Scientists Discover Influenza's Achilles Heel: Antioxidants

As the nation copes with a shortage of vaccines for H1N1 influenza, a team of Alabama researchers have raised hopes that they have found an Achilles' heel for all strains of the flu -- antioxidants.

In an article appearing in the November 2009 print issue of the FASEB Journal, they show that antioxidants -- the same substances found in plant-based foods -- might hold the key in preventing the flu virus from wreaking havoc on our lungs.

"The recent outbreak of H1N1 influenza and the rapid spread of this strain across the world highlights the need to better understand how this virus damages the lungs and to find new treatments," said Sadis Matalon, co-author of the study. "Additionally, our research shows that antioxidants may prove beneficial in the treatment of flu."

Matalon and colleagues showed that the flu virus damages our lungs through its "M2 protein," which attacks the cells that line the inner surfaces of our lungs (epithelial cells). Specifically, the M2 protein disrupts lung epithelial cells' ability to remove liquid from inside of our lungs, setting the stage for pneumonia and other lung problems. The researchers made this discovery by conducting three sets of experiments using the M2 protein and the lung protein they damage.

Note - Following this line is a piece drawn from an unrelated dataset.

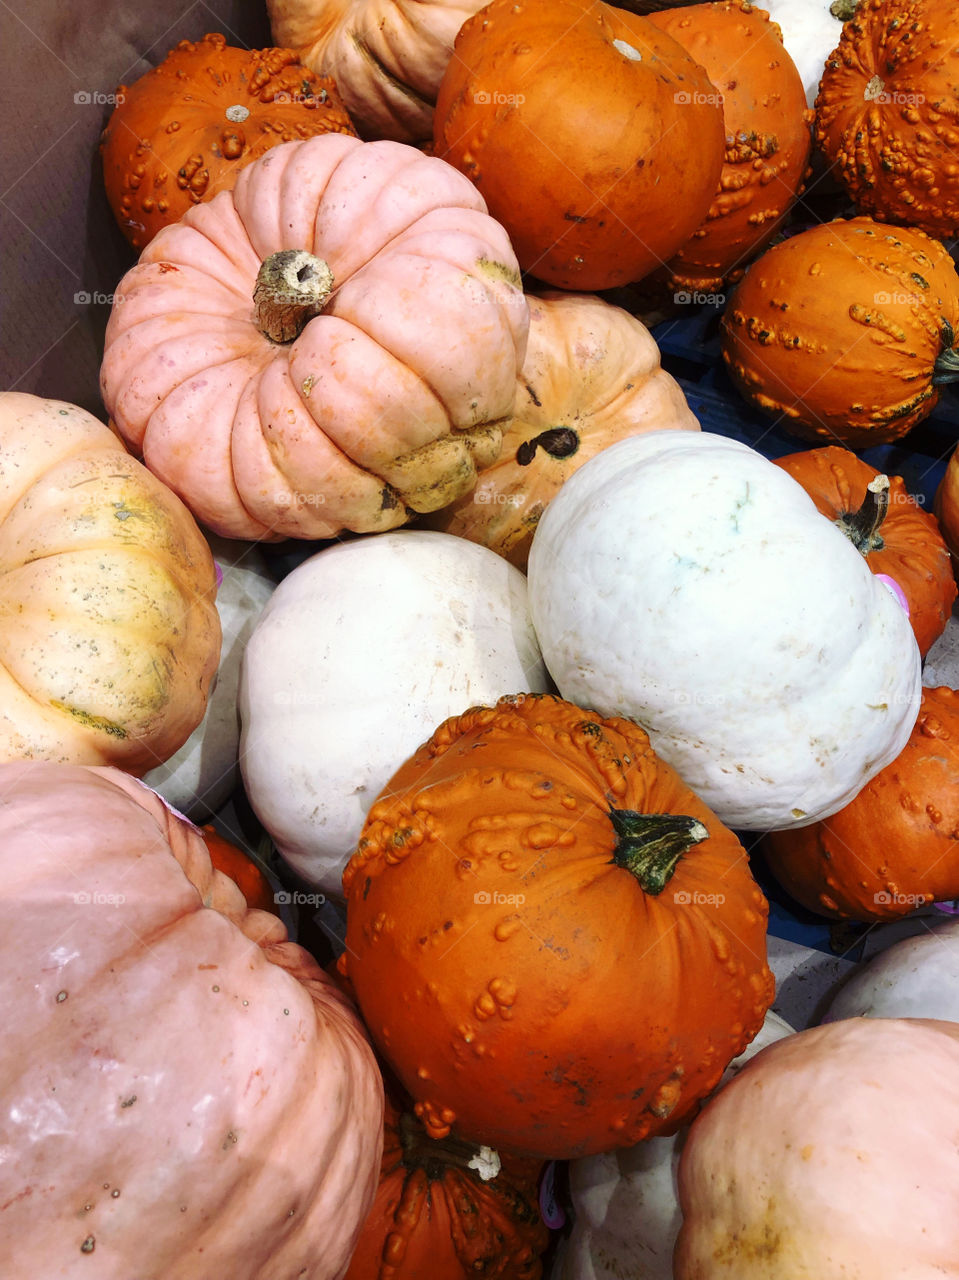 An array of various colored pumpkins.

First, frog eggs were injected with the lung protein alone to measure its function. Second, researchers injected frog eggs with both the M2 protein and the lung protein and found that the function of the lung protein was significantly decreased. Using molecular biology techniques, scientists isolated the segment of the M2 protein responsible for the damage to the lung protein. Then they demonstrated that without this segment, the protein was unable to cause damage. Third, the full M2 protein (with the "offending" segment intact) and the lung protein were then re-injected into the frog eggs along with drugs known to remove oxidants. This too prevented the M2 protein from causing damage to the lung protein. These experiments were repeated using cells from human lungs with exactly the same results.

"Although vaccines will remain the first line of intervention against the flu for a long time to come, this study opens the door for entirely new treatments geared toward stopping the virus after you're sick," said Gerald Weissmann, M.D., Editor-in-Chief of the FASEB Journal, "and as Thanksgiving approaches, this discovery is another reason to drink red wine to your health."

Study Information

1.Ahmed Lazrak, Karen E. Iles, Gang Liu, Diana L. Noah, James W. Noah, and Sadis Matalon
Influenza virus M2 protein inhibits epithelial sodium channels by increasing reactive oxygen species
1.Ahmed Lazrak, Karen E. Iles, Gang Liu, Diana L. Noah, James W. Noah, and Sadis Matalon
2009 October
Department of Medicine, Schools of Medicine and Public Health, University of Alabama at Birmingham, Birmingham, Alabama, USA.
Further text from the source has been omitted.